Abstract

Neurons possess both stable and dynamic microtubules (MTs), and regulation of the balance between these two states is critical to avoid disease. Post-translational modifications (PTMs) of tubulin can alter MT stability. We have preliminary evidence indicating that premature MT longevity and accumulation of D2 tubulin, a tubulin PTM associated with long-lived and hyperstable MTs, play a pathogenic role in AD. D2 tubulin is derived from the cleavage of the last two residues of alpha-tubulin by the sequential actions of VASH1/2 and the CCP family of tubulin carboxypeptidases.
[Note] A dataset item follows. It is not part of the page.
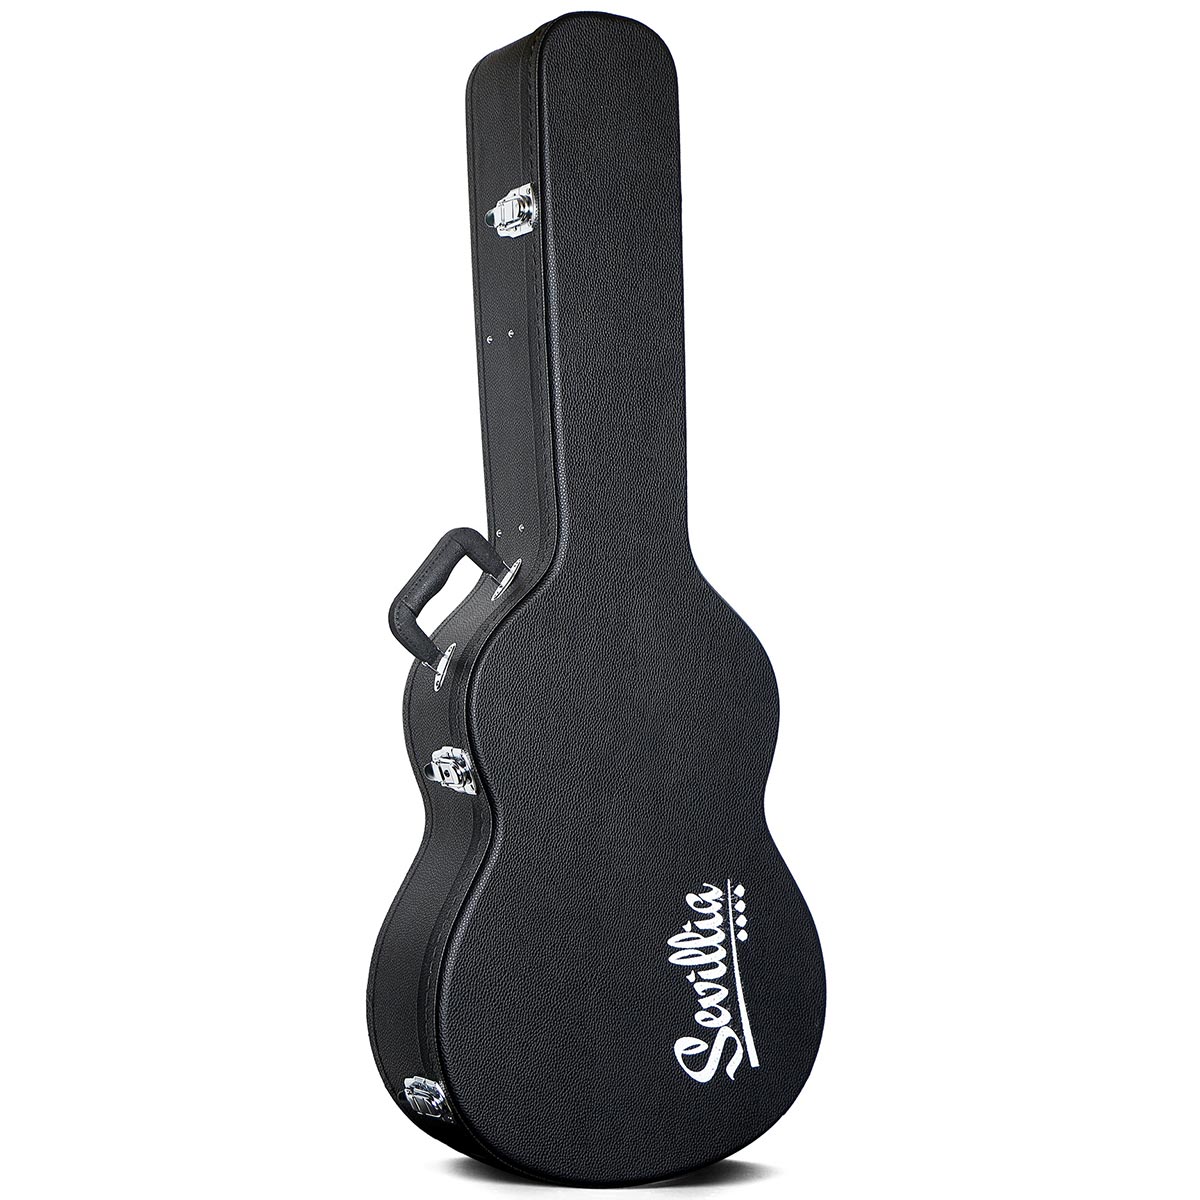 Кейсы для гитары Sevillia covers GHC-C39 акустическая гитара mono end pin endpin разъем для штепсельной вилки 6 35 1 4 дюйма материал copper с винтами частей гитары аксессуары

De-tyrosinated tubulin, lacking just one terminal residue, can be returned to its original, tyrosinated state by TTL, a rate-limiting enzyme. Immunoblot analyses of TTL and D2 levels were carried out on frozen human hippocampal tissue. Western blot and microtubule dynamics experiments were performed on human cortical neurons derived from iPSC lines in which the London familial APP mutation V717I was knocked into one allele of the IMR90 control backbone using CRISPR/Cas9 technology to mimic fAD. Lentiviral infection with cDNA shRNA against TTL was used on primary rat hippocampal cultures. Spine density and morphology was quantified by DioListic labelling prior to imaging and reconstruction. We found that levels of TTL were decreased in lysates from AD brains compared to age-matched controls and that, in contrast, D2 tubulin was significantly higher in the AD brains. In the APP London cortical neurons, which accumulate amyloid beta(1-42) and hyperphosphorylated tau in an age-dependent manner, TTL levels again decreased while D2 tubulin increased. We examined whether these changes correlated with an increase in MT stability by measuring MT dynamics and found that in the APP London line, dynamic MTs demonstrated decreased catastrophe frequency and longer comet lifetimes, conditions that are compatible with MT hyperstabilization. We found that depletion of TTL expression in rat hippocampal cells promoted accumulation of D2 tubulin and caused dendritic spine loss. Together, our results indicate that loss of TTL and accompanying accumulation of D2 tubulin are hallmarks of both sporadic and familial AD and that loss of MT dynamicity is a feature of familial AD that may contribute to synapse loss and disease progression.